47291 - History of Architecture 2

Academic Year 2011/2012

  • Docente: Maristella Casciato
  • Credits: 8
  • SSD: ICAR/18
  • Language: Italian
  • Teaching Mode: In-person learning (entirely or partially)
  • Campus: Cesena
  • Corso: Single cycle degree programme (LMCU) in Architecture (cod. 0881)

Learning outcomes

The aim of the lecture course is to explore the development of the history of architecture from late Baroque period to the avant-garde movements of the 1920s.
The main objective is the definition of a wide framework within which the historical phenomena will be grounded in order to be able to understand their impact on the international and national debate. The focus will be given to cultural movements and those protagonists who have been able to answer through their thinking and design to new problems open by the modern society and city.
Students should be able to acquire a good knowledge in order to recognize and to describe the formal, technical and contextual components of a modern building.

Course contents

The Fall term course will focus on the study of the design models that allow the architectural discourse to evolve from Neoclassicism to the Second Industrial Revolution and the early examples of modernization. Architects, artists and theoreticians develop their thinking on the architectural principles; the aim is to break the academic categories of the ancien régime. Parallel to this development is the beginning of the work on manuals, whose objective is to birth of a "rational architecture", the modern languages springs from. One section will focus on the analysis of European town-planning history from utopies to city capitals.
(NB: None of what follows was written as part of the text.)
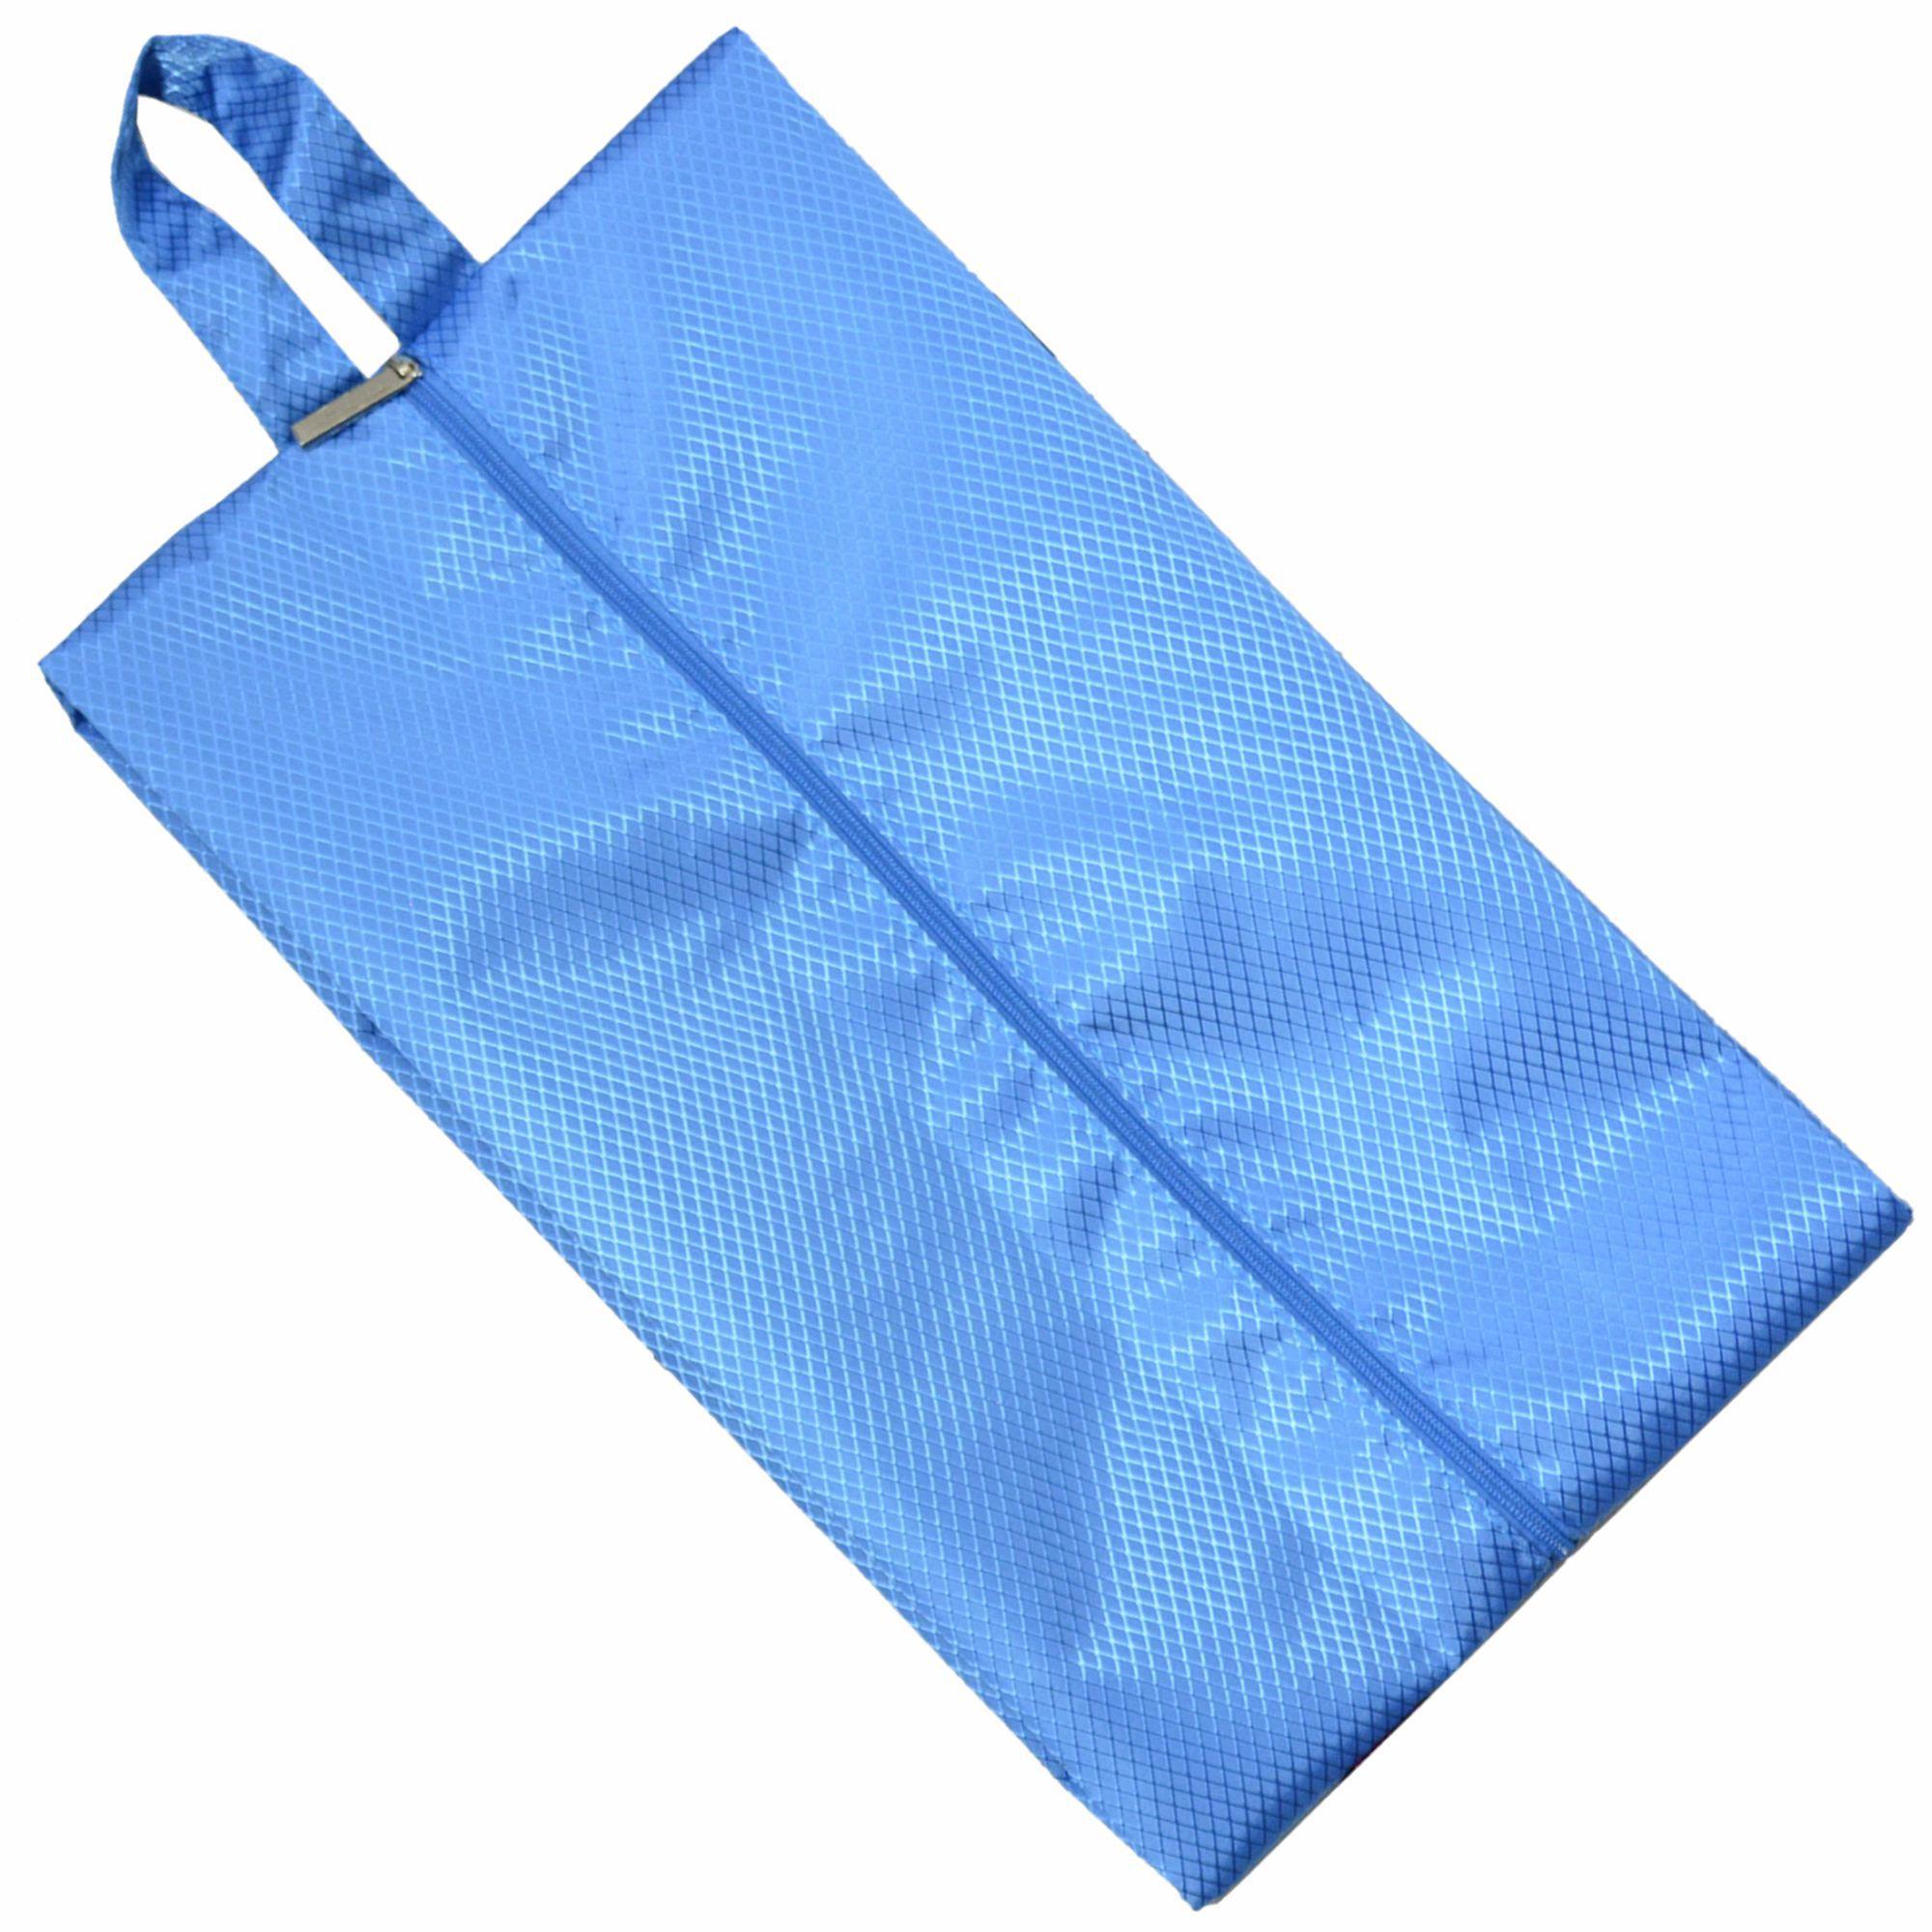 Organizador de Mala Viagem Necessaire Kit 7 Peças Azul Claro CBRN113654

Th Spring term will analize the decades between the First World Exhibition (London 1851) and the MoMA show of 1932, when the label "International Style" was introduced. The objective is to study the multiplicity of components that emerge in the history of architecture and town-planning. As a matter of fact, the history of modern architecture deals with a diversity of issues: the history of buildings, of models, of ideas, let alone the history of materials and techniques. The lessons will deal with these many histories (their birth, apex and crisis moments), searching to assess modernity as a vital condition of the twentieth century.

Readings/Bibliography

Fall Term (2011)

  • J. Summerson, Il linguaggio classico dell'architettura, Einaudi, Torino 1970
  • R. Middleton, D. Watkin, Architettura dell'Ottocento, Electa, Milano 1980
  • L. Spagnoli, Storia dell'urbanistica moderna. 1. Dal Rinascimento all'età delle Rivoluzioni (1400-1815), Zanichelli, Bologna 2008, capitoli 11-13 (pp. 359-495)

 

Spring Term (2012)

·    G. Ciucci, G. Muratore (a cura di), Storia dell'architettura italiana. Il primo Novecento, Electa, Milano 2004

·    R. Banham, Architettura della prima età della macchina, Marinotti, Milano 2005 (19701)

·    W. Curtis, L'architettura moderna del Novecento, Phaidon, London 2006

·    K. Frampton, Storia dell'architettura moderna, Zanichelli, Bologna 2008

 

 

Teaching methods

Lessons. Reading of reference texts. Students' short presentations. Discussions.

Assessment methods

Presentations on assigned readings. Mid-term exam at the end of the first term and a final, oral presentation. The latter will focus on the critical revision of the mid-term exam and on the knowledge in depth of the reference texts.

Teaching tools

Each lesson will be illustrated through the use of different media, such as slides, powerpoint presentations, and movie clips.
Students will be assigned readings that will be discussed in oral presentations.